Where do I start with this post? When I first started out blogging it was all I could think about. Fast forward two years and it is still all I think about. Well along with my husband, dogs, house, contracts, collaborations, renovations, pregnancy, travel, blogging more, laundry, family, friends, not cooking enough, being a better wife, better person, Christian, working out more. So yeah there are a lot of things on my mind all the time. I am sure many of you feel the same way.
When I started blogging, I had a clear vision. I had a lot of big plans, and I was able to execute those dreams and ideas most of the time. I was sorting through folders on my computer, and I thought, wow where did that girl get all her energy? Now, I can barely make it up past 9 pm! Don’t get me started on trying to work out that is non-existent.
Life seems to come at all of us so fast. I will sit and feel like I am lazy then I start to add up all the things going on and I think to myself wow, okay slow down! We all have that need to prove that we are doing enough. The term I’m busy is just part of our regular dialogue and yesterday I made it a point just to connect. To put my phone away and be present. I felt like a million bucks.
John and I have the luxury of spending a lot of time together. We enjoy one another’s company and doing mundane tasks together. He is the first person I call when something goes right or wrong. We are having a tiny human together, so we are bonded for eternity. He has also been my most prominent advocate for knowing my self-worth, fighting for myself on campaigns with brands, sticking up for me when I needed it most, and most importantly just being there.
He hates being behind the camera. Cringes when I tell him we are going to take photos but he was such a great sport when I asked him to take these with me. We were celebrating our 5th Wedding Anniversary in Sonoma, California. I was working with a brand on a trip collaboration for the blog. The timing worked out perfectly as we were able to work and play. Thankful John supports both.
A lot of talks went down over wine and cheese plates about our future. What that looked like, where we would be on our anniversary next year, did we want to start a family, were babies for us, should we sell the house and travel, what were our biggest goals. I remember all of it in my head, so clearly, I also remember the wine. Boy, do I miss that! The night we found out we were pregnant John opened one of the bottles we purchased in Sonoma to celebrate. It is all about timing.

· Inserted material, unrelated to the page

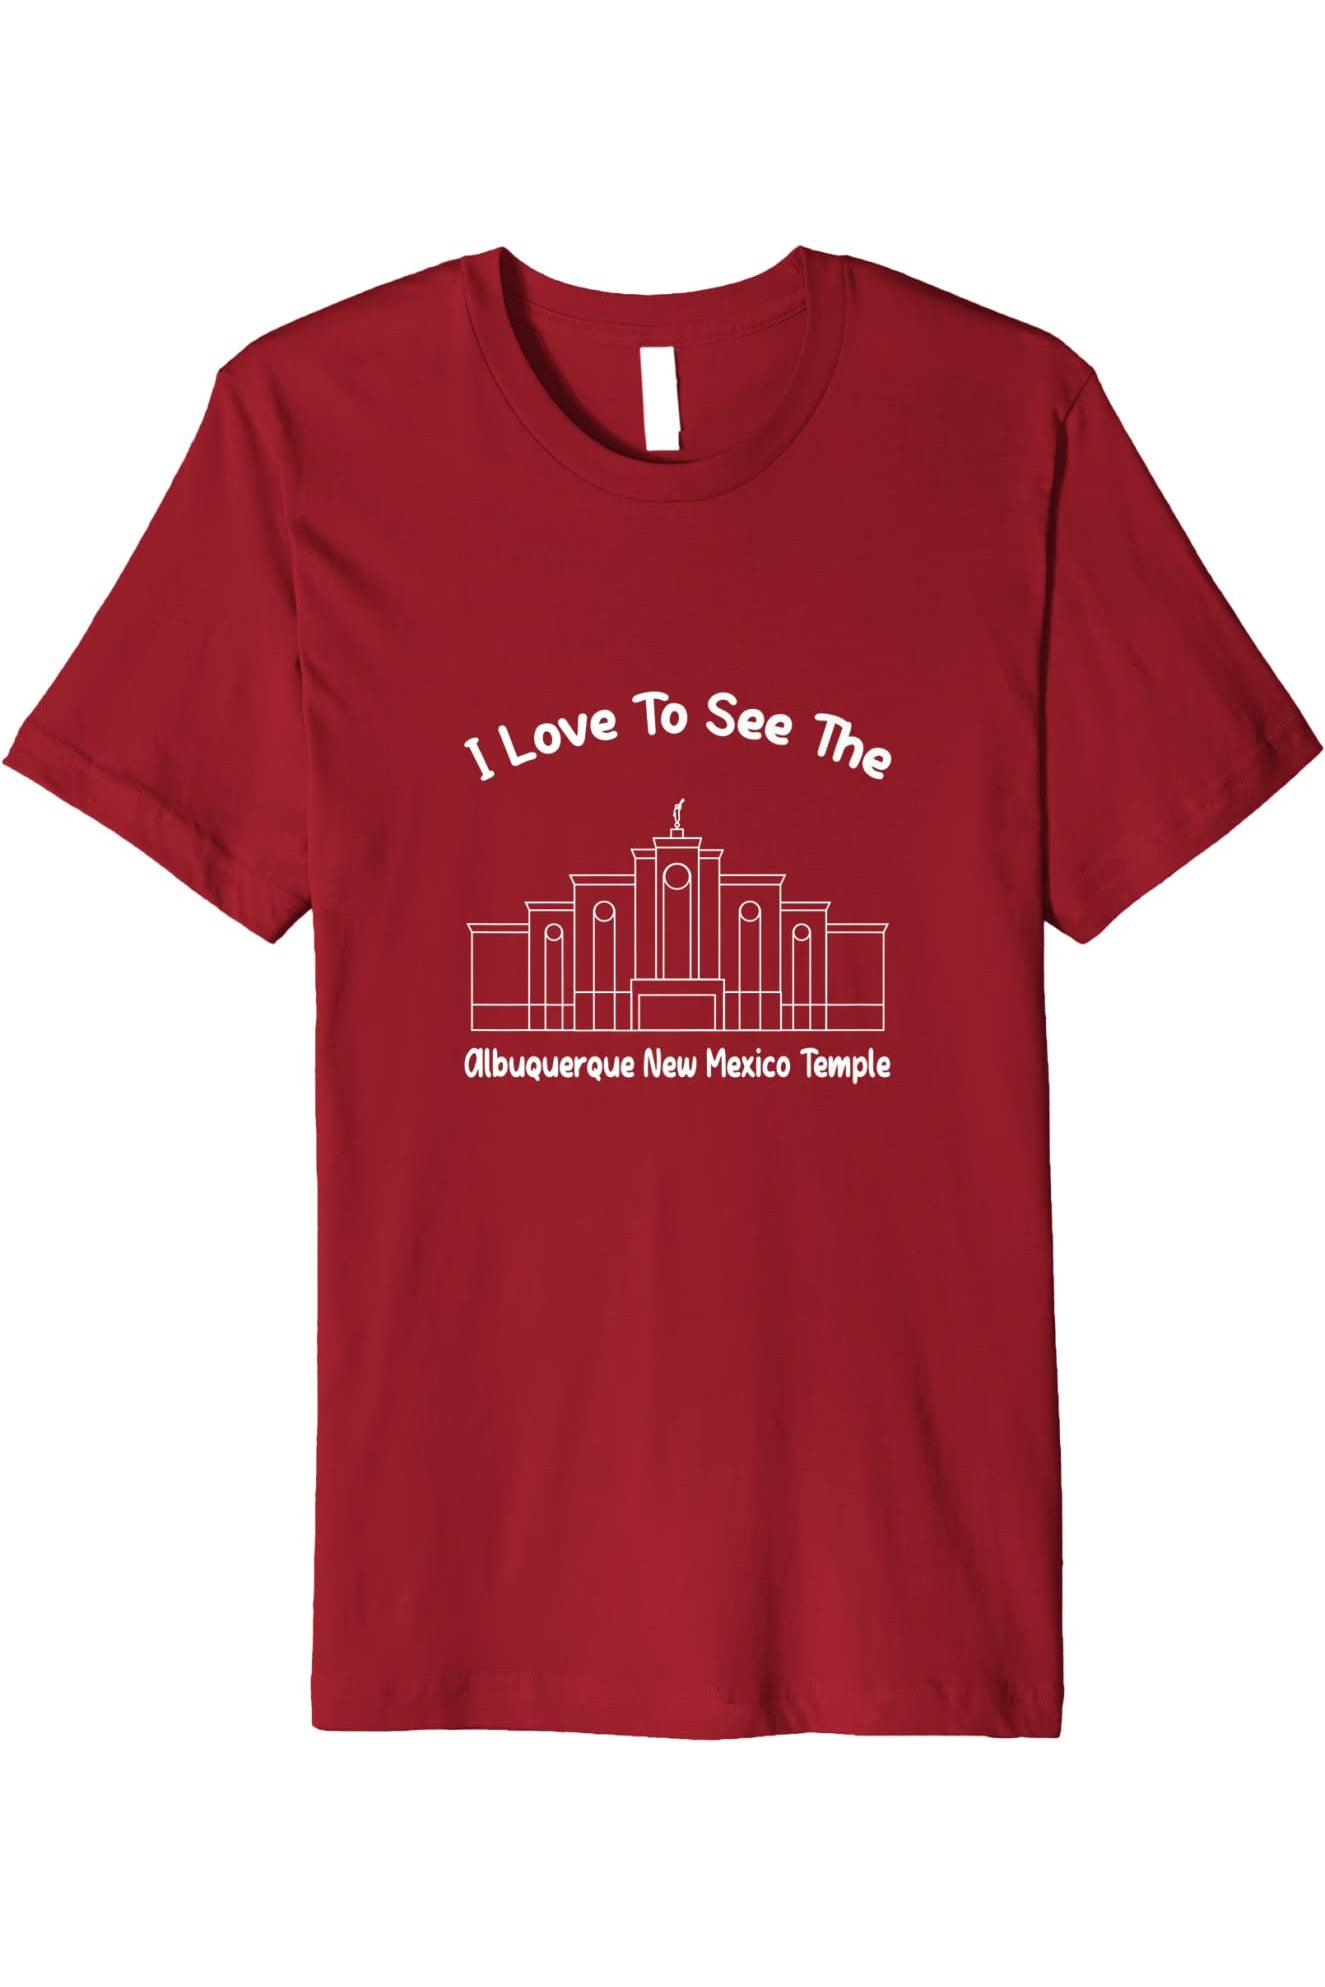 Albuquerque New Mexico Temple T-Shirt - Premium - Primary Style (English) US
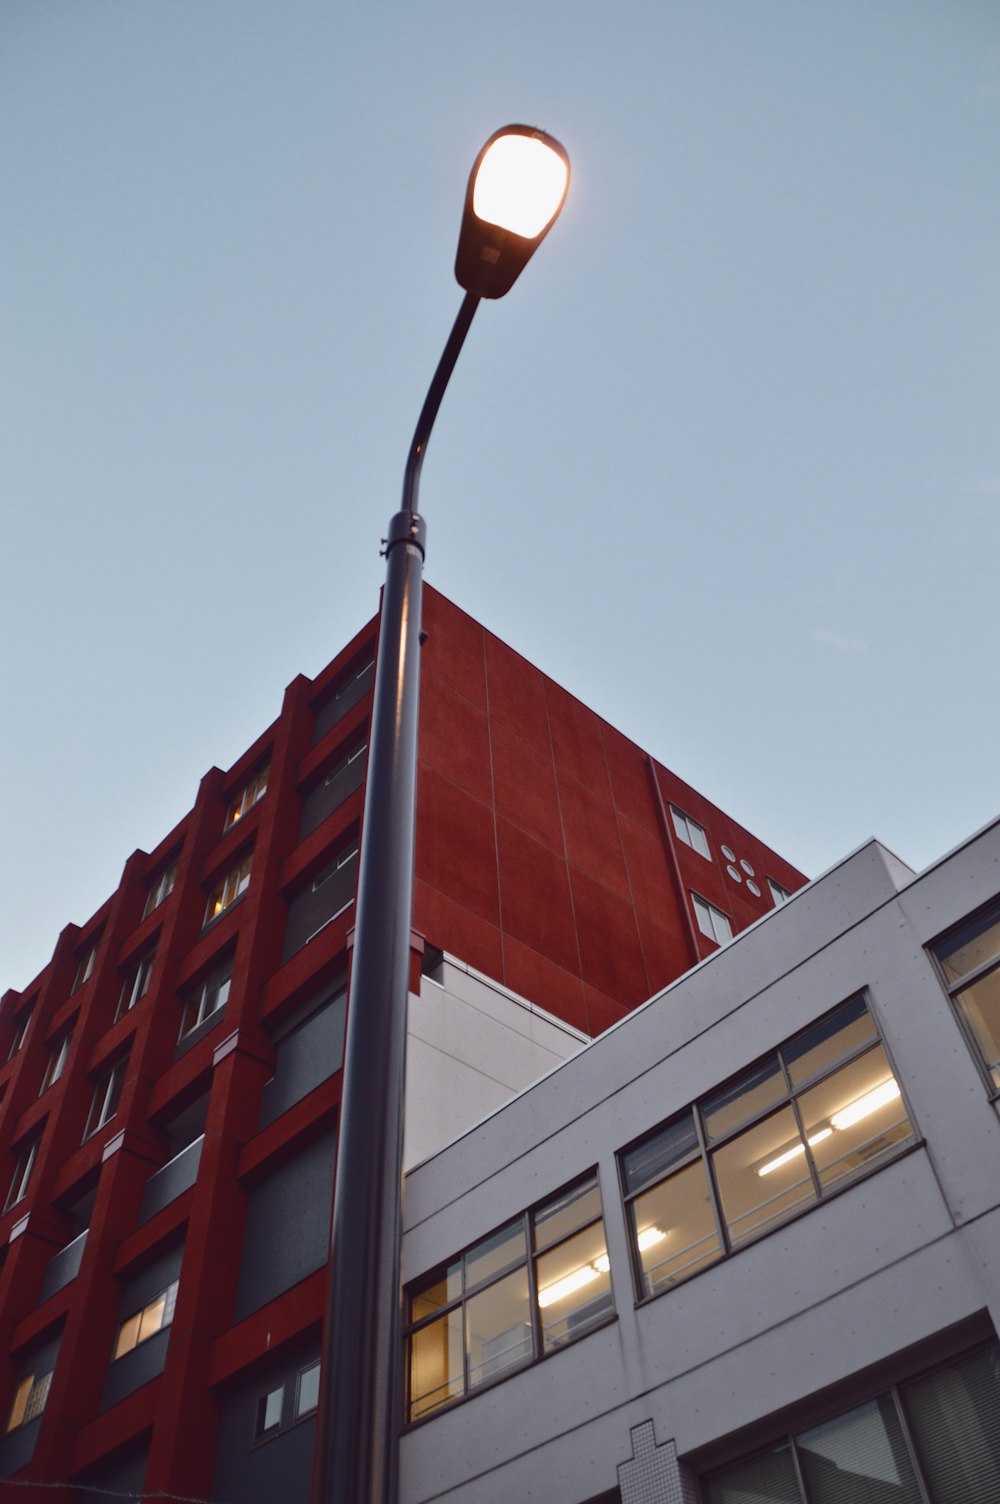 a street light next to a tall red building

Timing has played such a significant role in my life journey. Lately, I have thought a lot about that and what that means to me. I started out this year picking my word grace. I did not anticipate it would be such a huge factor in my outlook. I broke down the other day because being pregnant is beautiful it is life-changing, and the sacrifices made are all wonderful, but watching my body change has been a little challenging. When my jeans didn’t fit it was a hard pill to swallow. And yet, I am so thankful for that all at the same time.
John has been nothing but supportive. He tells me I look beautiful when I just want to sit in my pajamas all day. When I find myself in tears at night, when I get down on my self, when I can’t do all the things I want to do, or when I just feel like I am not enough. We all have those low days. The ones where a bowl of ice cream and a bottle of wine will do just the trick.
I have them a lot. A lot more lately too.
The weather has been getting me down because there is at least a foot of snow on the ground. I walked past my high heels and had to tell them we couldn’t go out again today. My dogs are sick of running around the dining room table, and I am sick of sweaters or anything that has the word layer in it! Okay, I am done complaining now! Pretty sure that felt good though.
Needless to say yesterday I signed up for a prenatal yoga class. I was dreading it. Organized activities are so not my kind of thing. I had been sick which ideally was the perfect excuse to cancel, and I didn’t. I put on my too-tight yoga pants and had to change to a different pair after thirty minutes of research on the topic of “wearing too tight of clothes and if it can hurt your baby”…google it. Beyond me how all of this information makes its way on the internet. But I was sitting in the kitchen, and I thought this is stupid I am not going to go, and then John texted me and said, “I am proud of you, and I hope this yoga class is perfect for you.” Welp, how could I not go? My biggest supporter cheering me on?
Sitting in the class, the teacher asked all of us to turn around and introduce ourselves and tell our due dates. I was instantly regretting my decision to attend. I hate group exercises like this; I am terrible at games and situations like this make me want to crawl into the darkest corner! In the end, it was just what I needed. She asked each person to share their highlight of the week. Hearing some of the simple joys of women who were complete strangers was extremely encouraging. Nothing like I won the lottery but simple everyday things like we had a snow day, so we were able to spend an entire day together relaxing. Okay, thank you, my perspective is in check now!
The below images have been sitting on my computer since September. Today I passed by the folder and opened it up, and thought they were too lovely not to share. Will Khoury captured these for us because I knew they might be some of the last photos we would take before we had a baby. I love that there is so much joy and love in these and I thought that perhaps they would encourage you somehow.